Large PDF files, and other types, are generally requested in ranges which generate many separate requests and 206 Partial Content responses. These requests will cause the URL or host address to automatically float to the top of any lists when in reality the URL may not be frequently requested.
It would be wonderful if goaccess could detect and aggregate these requests to prevent them from skewing the results or make the IP address appear to be making excessive requests.
That's a good point, and I'm thinking it could be implemented as an option. However, how would you identify these requests and aggregate them? Should it be a combination of IP + file + date?
The requests follow this pattern in my logs. The initial request has a 200 result and subsequent requests have a 206 (partial content) result and the referrer is changed to the full URL of the file (not the referrer of the original request).
192.168.1.1 - - [04/Nov/2014:11:25:18 -0500] "GET /files/some.pdf HTTP/1.1" 200 589361 "http://www.example.com/referrer.html" "Mozilla/5.0 (X11; Linux x86_64) AppleWebKit/537.36 (KHTML, like Gecko) Chrome/38.0.2125.111 Safari/537.36"
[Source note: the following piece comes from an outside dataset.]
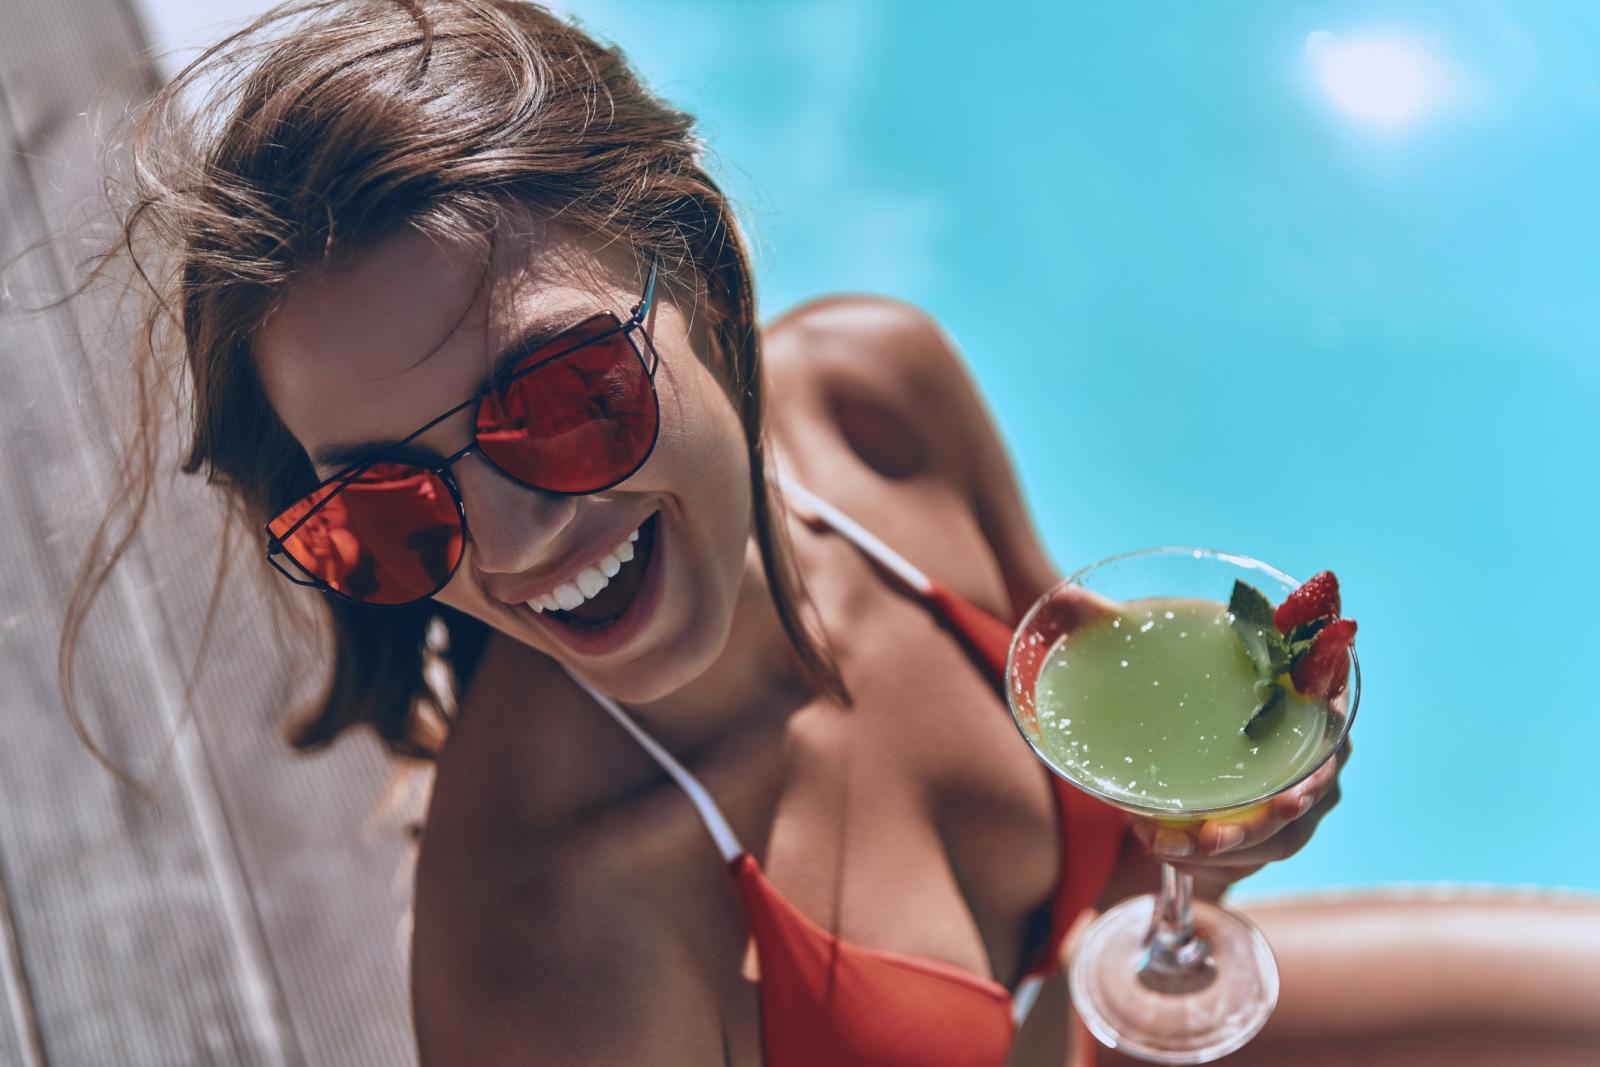 Najbolja dijeta je ona u kojoj ćete uživati i koje ćete se držati.

192.168.1.1 - - [04/Nov/2014:11:25:18 -0500] "GET /files/some.pdf HTTP/1.1" 206 32768 "http://www.example.com/files/some.pdf" "Mozilla/5.0 (X11; Linux x86_64) AppleWebKit/537.36 (KHTML, like Gecko) Chrome/38.0.2125.111 Safari/537.36"
192.168.1.1 - - [04/Nov/2014:11:25:18 -0500] "GET /files/some.pdf HTTP/1.1" 206 309260 "http://www.example.com/files/some.pdf" "Mozilla/5.0 (X11; Linux x86_64) AppleWebKit/537.36 (KHTML, like Gecko) Chrome/38.0.2125.111 Safari/537.36"
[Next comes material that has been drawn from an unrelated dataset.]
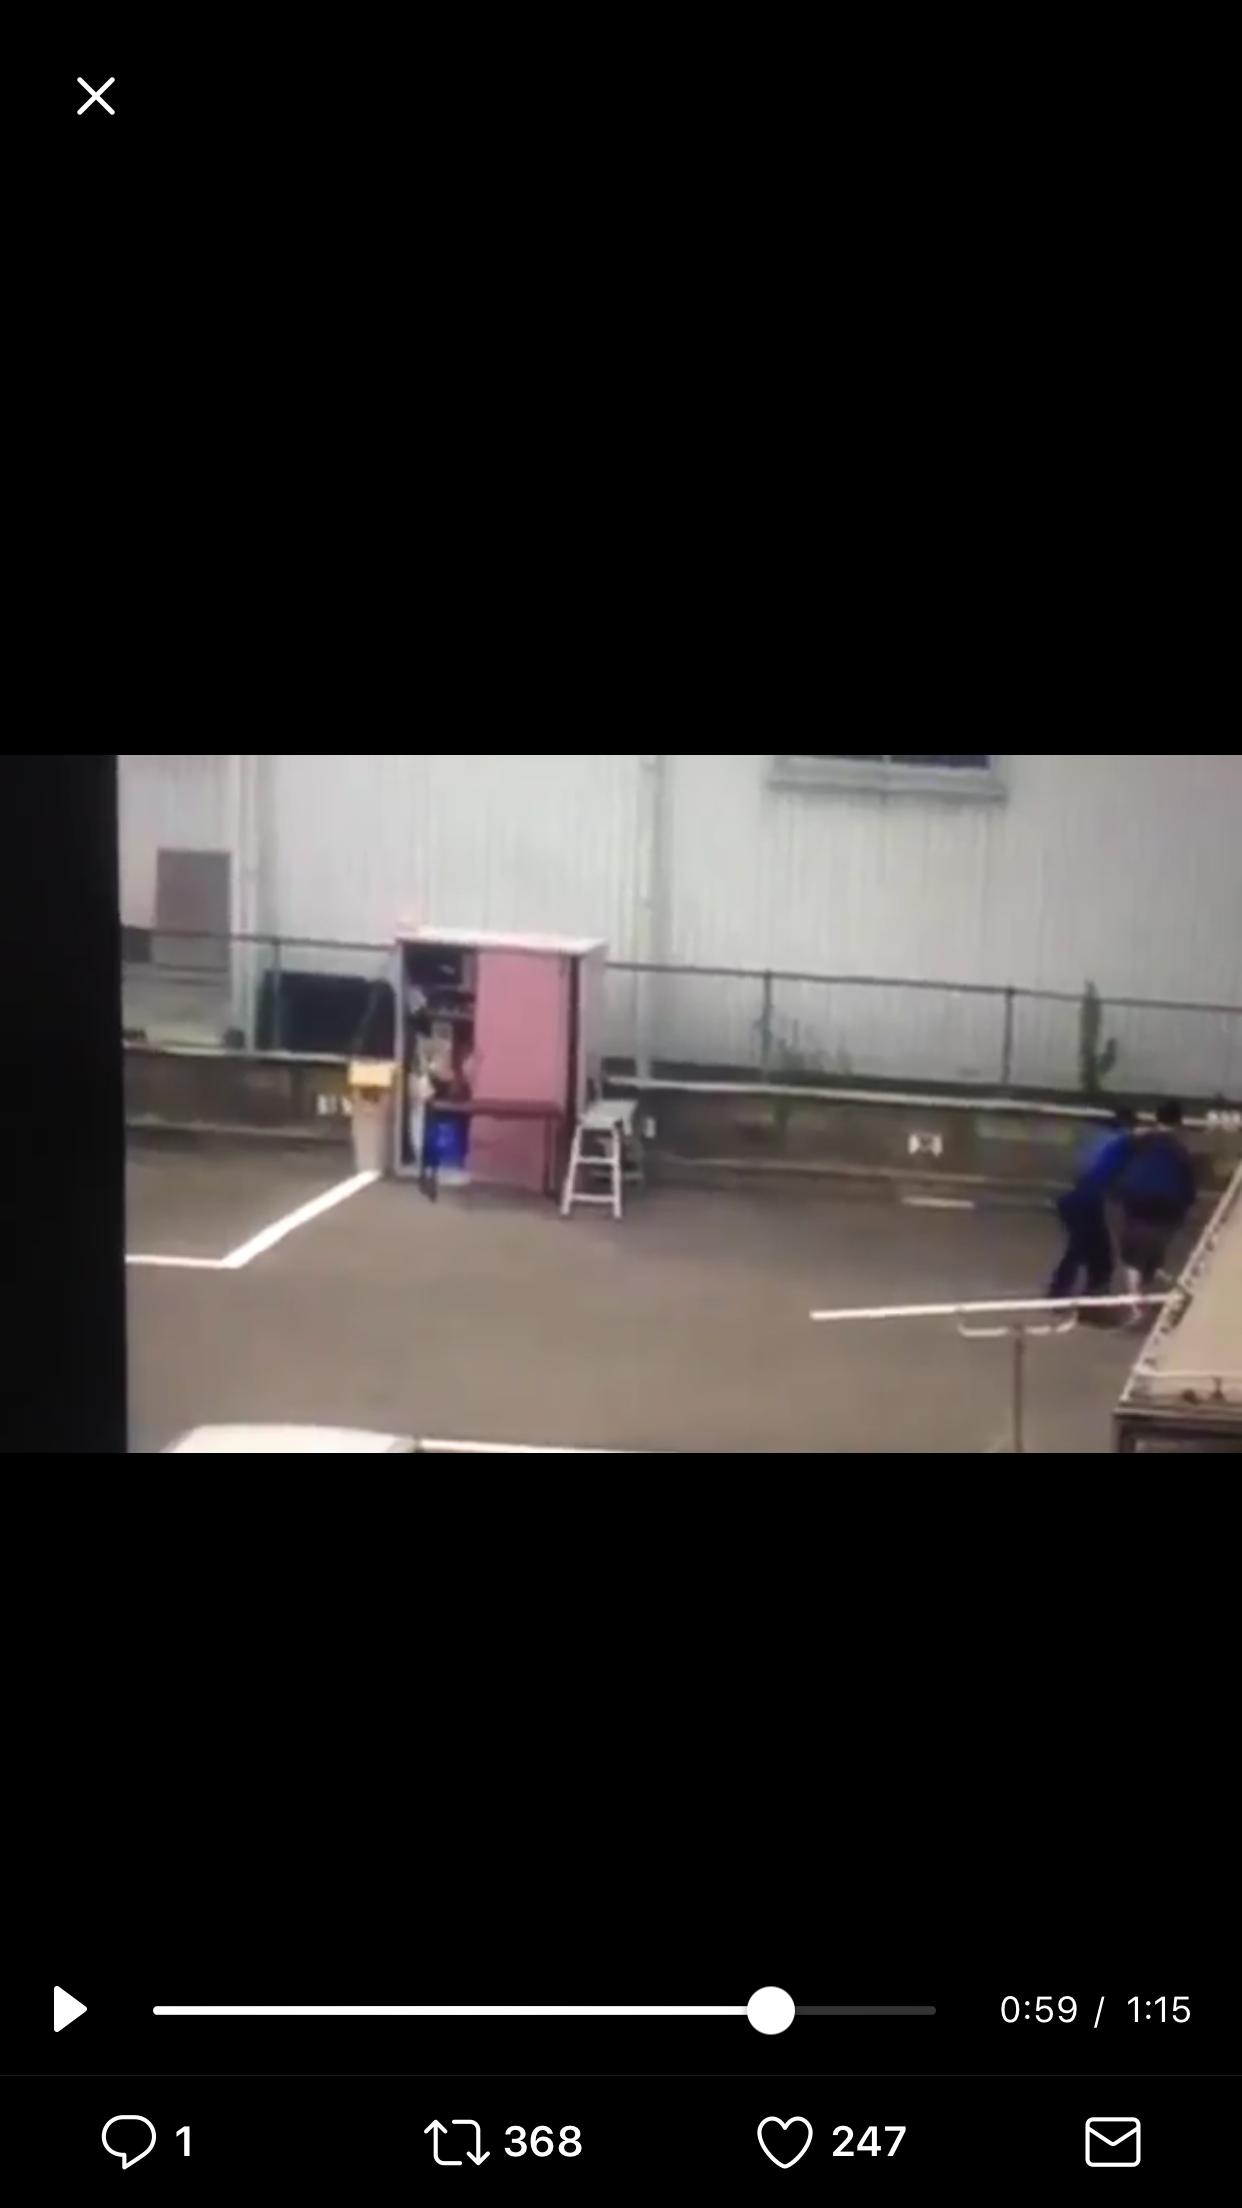 サカイ引越センターで「パワハラ暴行事件」 男性を蹴りつける行為も

I suggest that these could be aggregated by IP + URI + UA but even then it is problematic to disambiguate between multiple requests from behind the same IP address (corporate or government) for high traffic sites. The timestamp isn't useful if you are able to determine a new request with the 200 result and it isn't useful if you are trying to disambiguate requests either, in my opinion.
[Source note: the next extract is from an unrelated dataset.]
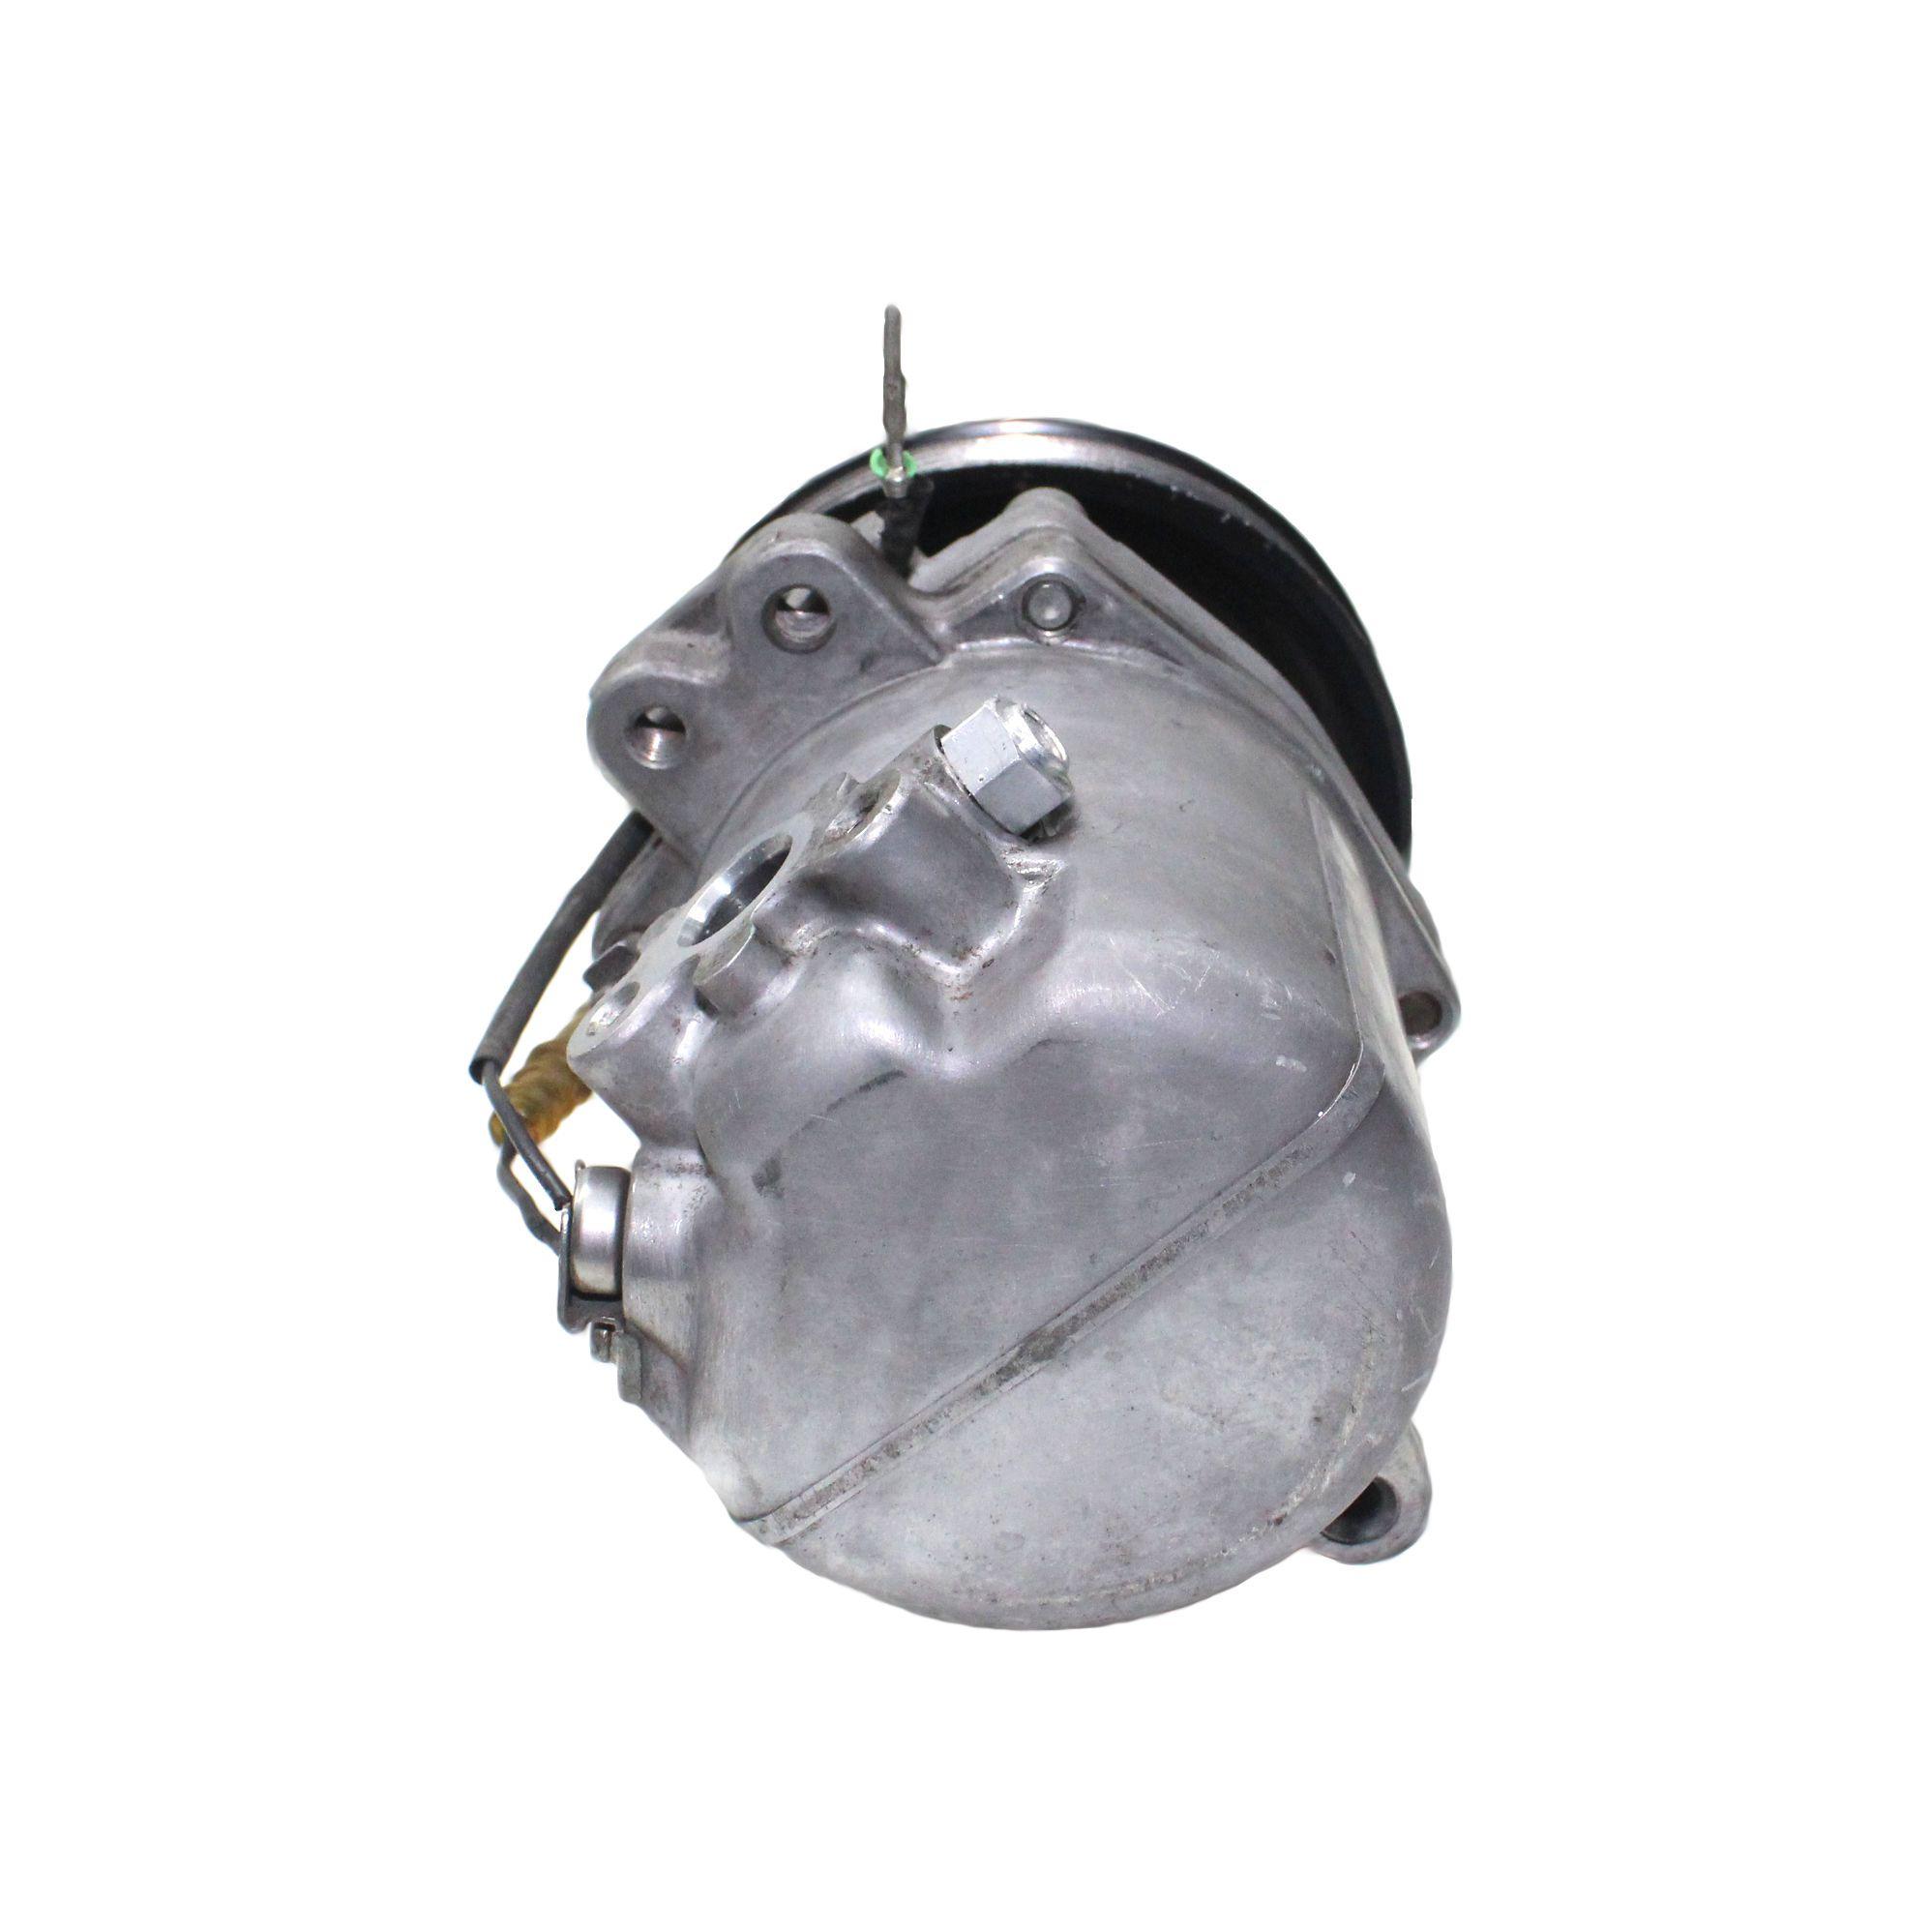 Compressor Ar Condicionado Suzuki Vitara 99/02, Grand Vitara 95/99

You are right, it could be problematic if those requests come from the same IP. I guess this could be mitigated by logging %{Cookie}i data or something that can identify one client from the other. I can certainly look into this as it sounds like an interesting feature to implement. Please keep this open.
I'm using GoAccess to anaylise log files for our podcast static assets. Currently I am using ignore-status 206. This reduces the downloads for static files by about 20%. I'd love to see GoAccess add support for aggregating 206 requests so we can get a better idea of listener-ship.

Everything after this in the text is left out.